Credit: iStock – Luan Mazieri
The companies and organisations whose actions contributed to the Grenfell Tower fire have been accused of ‘casuistry’ by the chief lawyer for the inquiry into the disaster, who said the 72 resulting deaths were all ‘avoidable’.
In his concluding comments at the closing session of the inquiry, which began more than four years ago, in May 2018, Richard Millett KC highlighted an admission by Celotex that it had added a layer of magnesium oxide to its RS5000 insulation when it was tested at the BRE.
However, the manufacturer concealed the addition of this layer in its marketing leaflets and blamed the designers, who specified the materials at Grenfell Tower, for not reading them fully to ensure it matched the system that passed the BRE test.

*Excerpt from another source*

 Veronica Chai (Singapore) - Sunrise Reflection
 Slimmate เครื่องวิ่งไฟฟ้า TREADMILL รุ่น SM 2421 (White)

‘This kind of casuistry… is not helpful to you in working out who is to blame,’ he said, adding that an ‘enduring mark’ of the inquiry had been attempts by those involved in the tower’s botched refurbishment to ‘exculpate themselves and to pin the blame on others.
‘There was nothing unknown or not reasonably knowable which caused or contributed to the fire and its consequences. On the contrary, each and every one of the risks which eventuated at Grenfell Tower on that night were well known by many and ought to have been known by all who had any part to play.
‘Each and every one of the deaths that occurred in Grenfell Tower on 14 June 2017 was avoidable.’
Millett displayed a web diagram on screens in the inquiry room showing the occasions when companies, professionals and public authorities involved in cladding the council block had blamed one other.